# shoulder shot:(



## kevin.k (Dec 31, 2005)

ive did this 2 years ago on a nice 130 class buck.....

i was in the stand last sunday and it was abotu 6:15 p.m and this decent 3x3 came by and i figured what the heck... so he came in abou 7 yards and i was in a stand about 20ft up, and i shot and my arrow went into the shoulder plate, and only went in about 5 inches.....i tracked him about 2 miles, and he was zig-zaging bad, wich means he wasnt hurt to bad...so after about 2 miles i lost blood, and came back in the morning and still never found him....


----------



## Remington 7400 (Dec 14, 2005)

What kind of bow are you shooting? Carbon ar aluminum arrows, what type of broadhead? I've shoulder shot 3 deer in the past 2 years, all complete pass throughs none of the deer got out of my sight.


----------



## gooseman14 (Mar 14, 2004)

I too have hit a deer in the shoulder blade and had the same luck. The arrow just can't penetrate through the bone.


----------



## kevin.k (Dec 31, 2005)

im shootin carbon arrows-beamen black max's

montec broad heads

PSE-deerhunter bow (225 fps) not that much put at 7 yards itll pass through.
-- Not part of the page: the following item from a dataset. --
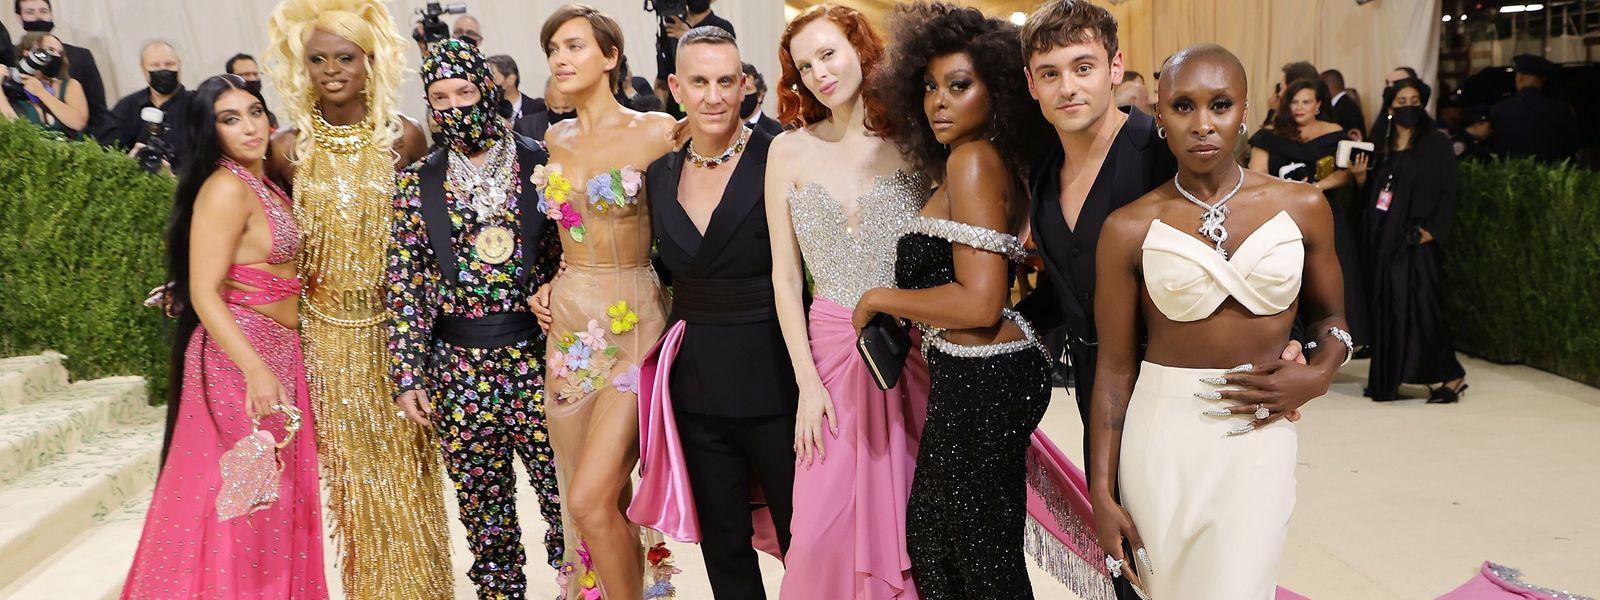 (von links): Lourdes Leon, Symone, J Balvin, Irina Shayk, Jeremy Scott, Karen Elson, Taraji P. Henson, Tom Daley und Cynthia Erivobei der Met-Gala 2021.

one thing that might of happend would have been when i pulled back their was a branch on my top cam and i think when i releaseed the bran stopped the cam befor it should have and it coulda messed it up.....but idk o well


----------



## Remington 7400 (Dec 14, 2005)

Take the same shot with a bow pushing around 295-305 FPS and it will shatter bone like the fist of an angry god! :wink:


----------



## kevin.k (Dec 31, 2005)

yes i no i almost bought a bowtech tribute, but i decided not to spend 900 dollers on a bow, and i bought a dog do you think the deer will survive?


----------



## Remington 7400 (Dec 14, 2005)

> but i decided not to spend 900 dollers on a bow, and i bought a dog


 :-?

He will probably make it assuming you didn't hit a major artery, flesh wounds usually don't kill.

:sniper:


----------



## Starky (Mar 15, 2006)

Not only do you have the shoulder blade to go through, but you have the thick part of the ribs as well. Most likely the deer will survive. We have killed deer during rifle season and found broadheads stuck in the same location.
Since you have done this twice, I hope you don't take that shot again.


----------



## kevin.k (Dec 31, 2005)

no kiding i NEED to learn to shoot back further i feel so everynight something like that happens.


----------



## Possumpup (Sep 25, 2006)

Kevin:

I would seriously take the weight of your arrow and the speed (225 is kind of low) and run the numbers through a kinetic energy calculator such as the one at http://www.bowhuntinginfo.com/KineticEnergyNew.htm. I have an old high country safari that I have ALWAYS had complete pass throughs on through both legs of whitetails, 300lb+ boars and black bear. The rig is set up at 82 pounds and launching a 550 grain arrow 267fps. Pleased with the setups performance, i checked the kinetic on several free calculators and came up with an astonishing 87 ft.pds. In case you have never seen average values you should use for different sized game, they are roughly as follows:

less than 25 ftlbs - small game
25 - 40 - deer, antelope etc
41-65 - large game such as elk, bear, boar
65+ - dangerous game

If you are using lighter grain per inch arrows, or very short arrows due to an overdraw and shooting that slow, you probably dont have enough energy to take those shoulder shots. Not that the arrow wont penetrate into the vitals, but to get through the animal for the best blood trail you might want to swith to a cut on contact arrow that will need less energy to slice through. Especially if the weight is maxed out on your bow. Play with the energy calculator its fun.

Dave


----------



## kevin.k (Dec 31, 2005)

my 1st deer with this bow it passed through nicley and even on the 1st shoulder shot it passed, so i dont know what the deal was.......... what im thinking it was, was when i pulled back i remeber my cam having a branch in between the cam and the bow and when i fired i think it stopped halfways and could have lost power.....maybe maybe not im not sure


----------



## kevin.k (Dec 31, 2005)

my kinetic energy was 33 lbs.....but the main thing is with the right shot placement u can kill anything, next deer i pull back on im gogin to find the shoulder then move down a bit, to make sure i dont hit that damn shoulder ARGGH :******:


----------



## panman (Mar 3, 2006)

Hiting a sholder on a deer,when you are 20 ft.up is like a ricoshay,think about it.Now if you were on the ground you would of hit it square on,and would of busted through,and,maby bouth sholders.With a recurve,i once shot one through the sholders.It was an old bear .dont rember the arrow WT.as it was when i was a kid.The bow was a 35 pounder and i was useing a bear two blade broadhead.You dont have to have much,just have to hit them square on.I whole heartaly agree,dont aim for the sholder!!,i dont care if your arrow is going 5oofps!!,not a good place to hit them.Just my openion.my spelling is bad,i know.
Enjoy the hunt!!!.pan.


----------